Only one span of the material below is wanted. Output it exactly, from the line with "Image DKGirl-Vol.117-Alice-MrCong.com-025 in" through the line with "планировка комнаты 9 кв.м фото", without any pictures.

== INFORMATION PROVIDED ==
====================

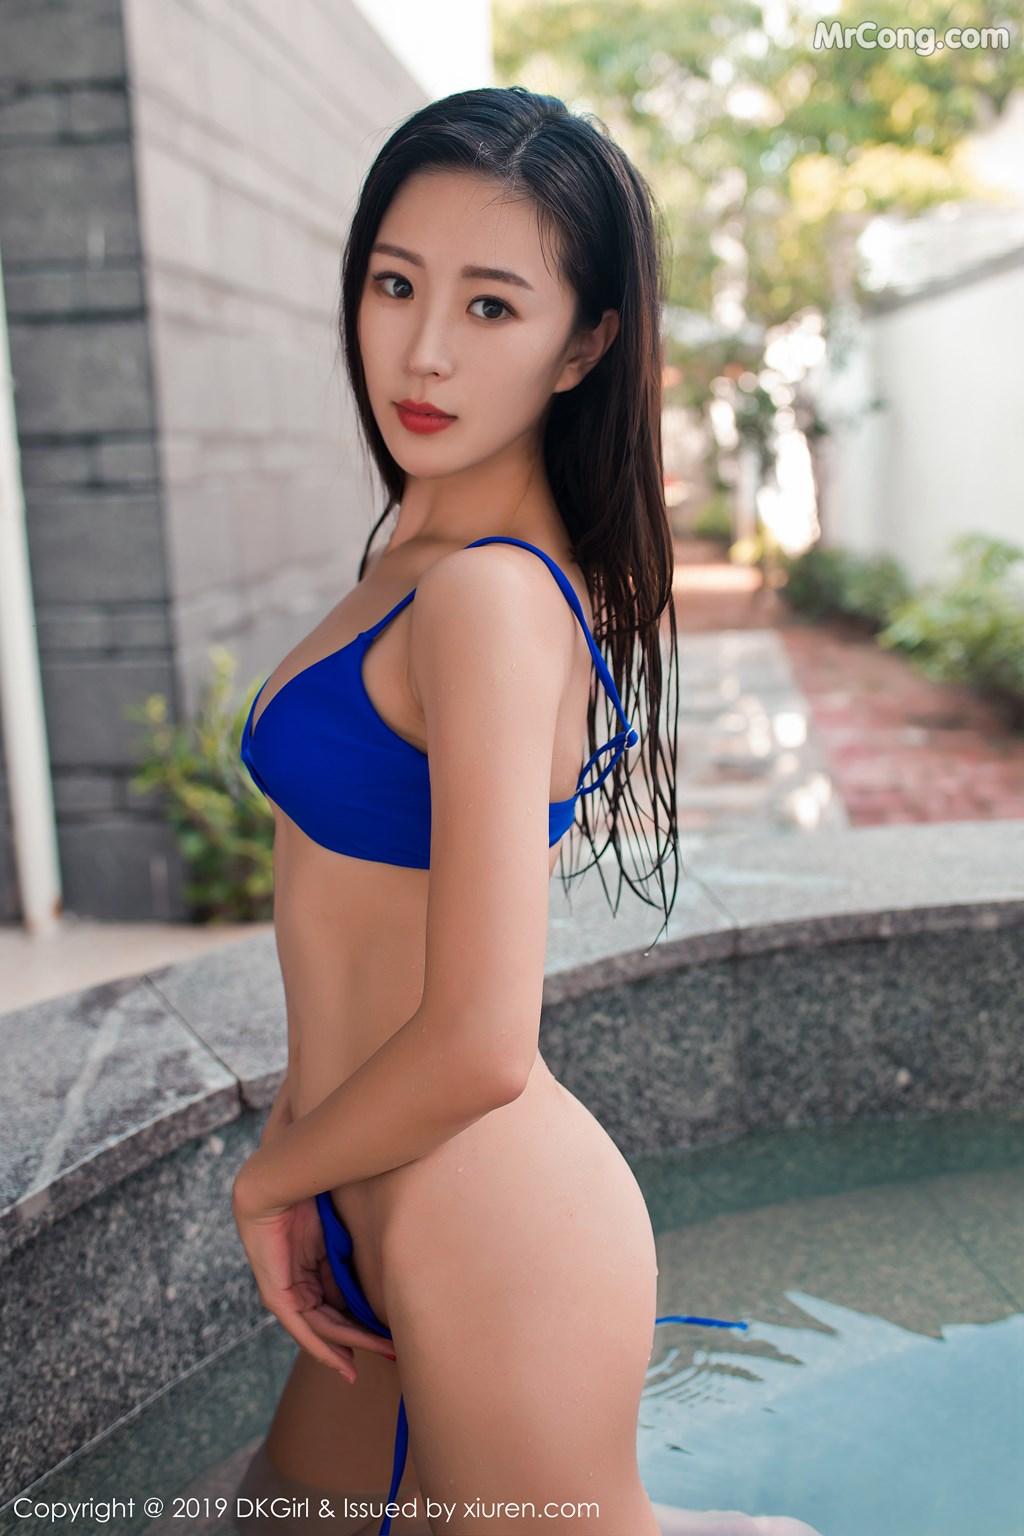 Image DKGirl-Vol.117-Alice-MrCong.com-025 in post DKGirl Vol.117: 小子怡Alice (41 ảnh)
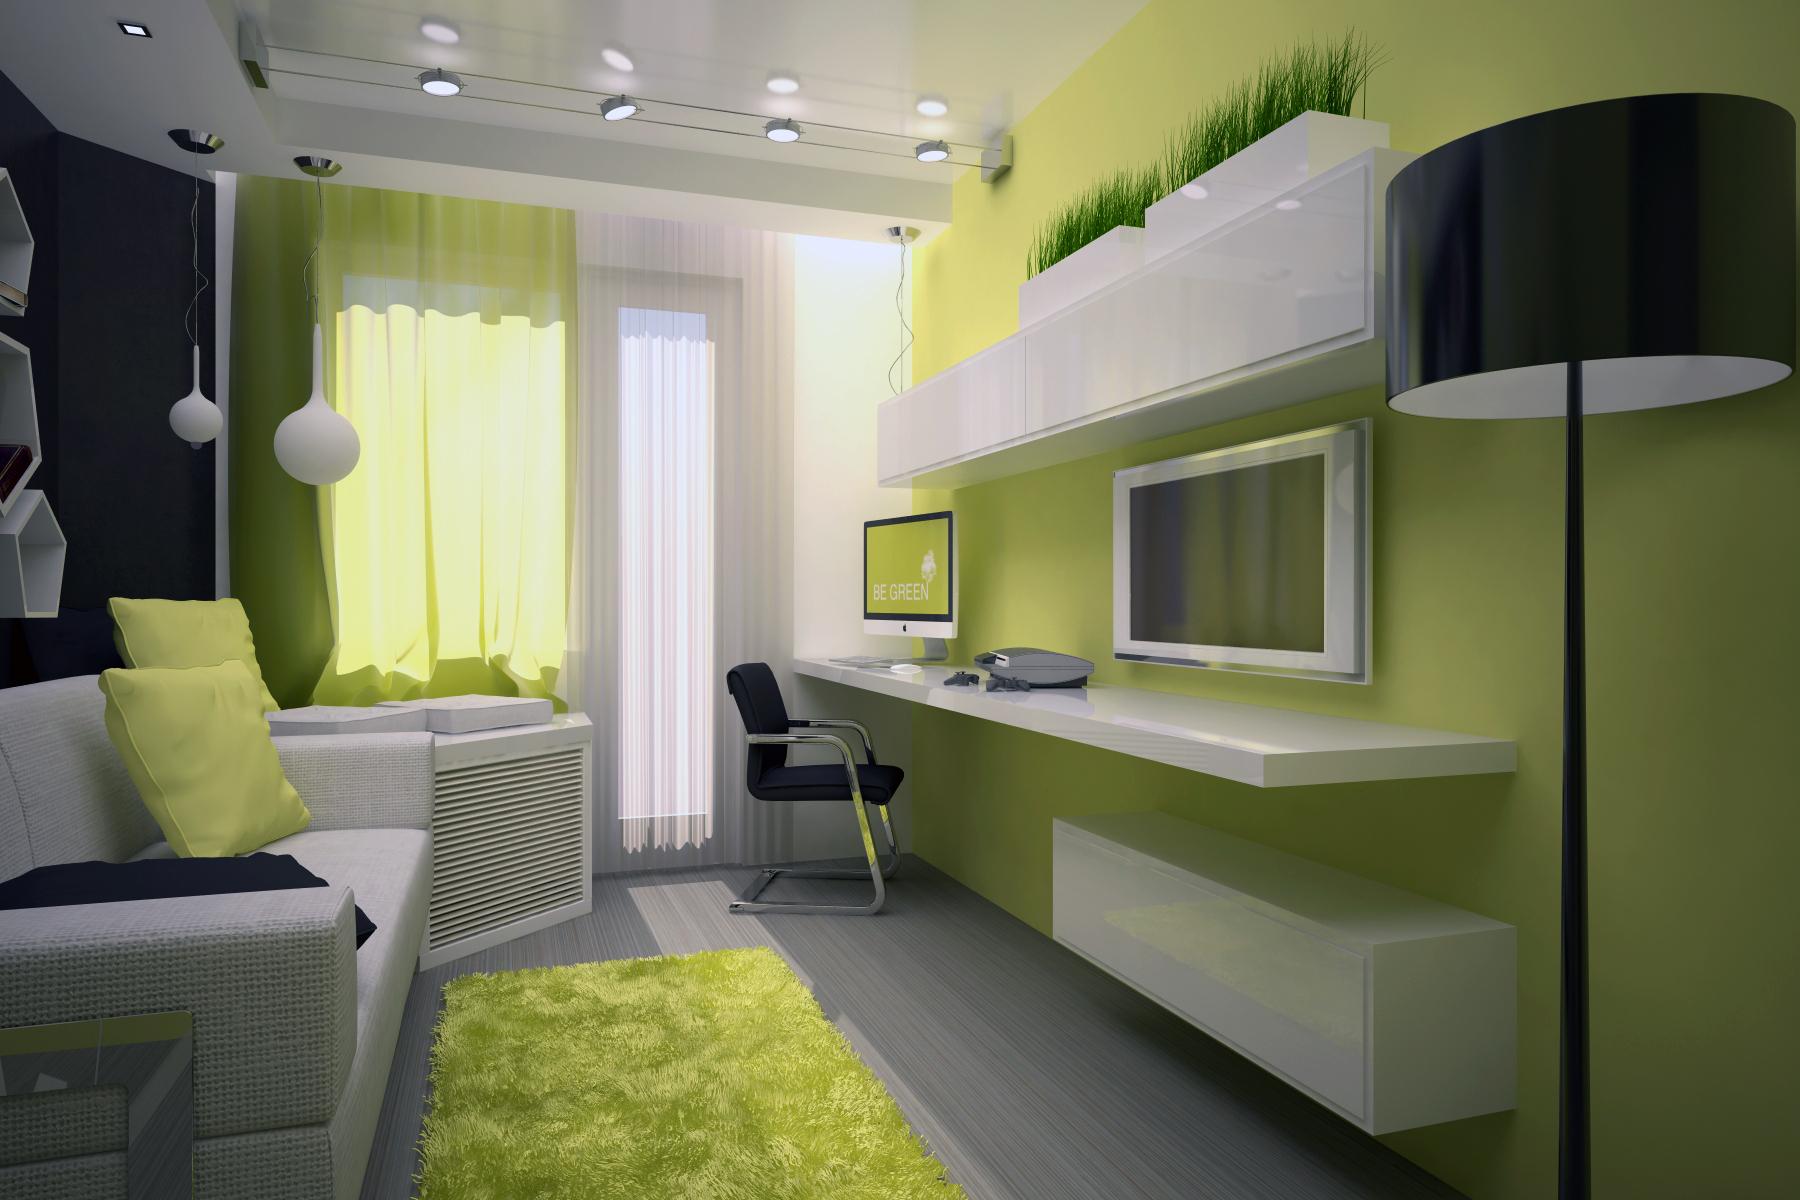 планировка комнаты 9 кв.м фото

====================

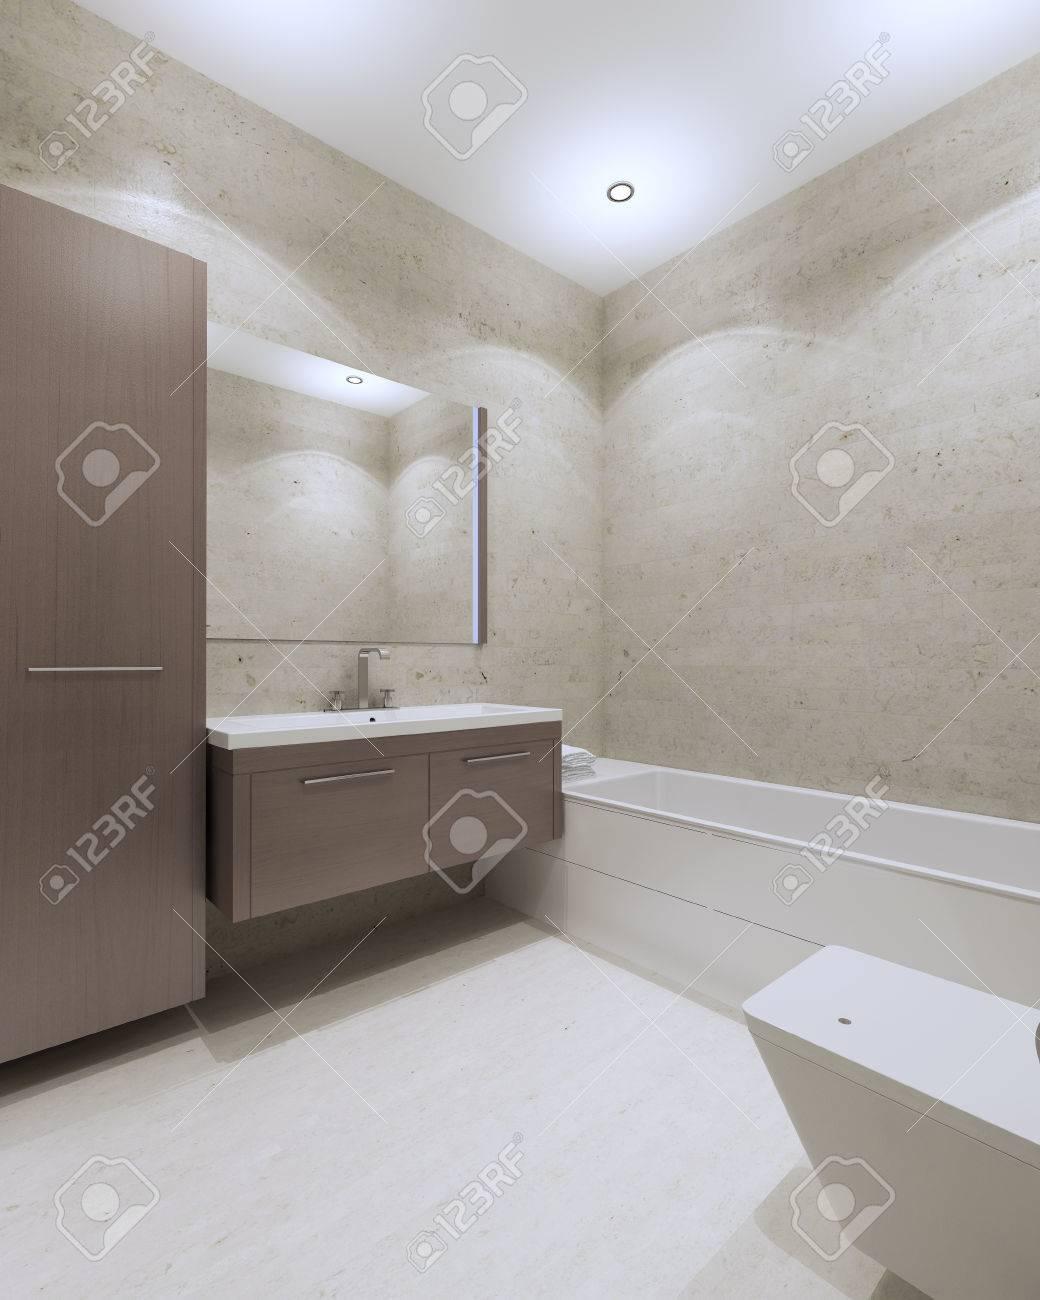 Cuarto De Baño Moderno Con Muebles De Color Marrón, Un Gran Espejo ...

====================

== RESPONSE BELOW ==
 Image DKGirl-Vol.117-Alice-MrCong.com-025 in post DKGirl Vol.117: 小子怡Alice (41 ảnh)
 планировка комнаты 9 кв.м фото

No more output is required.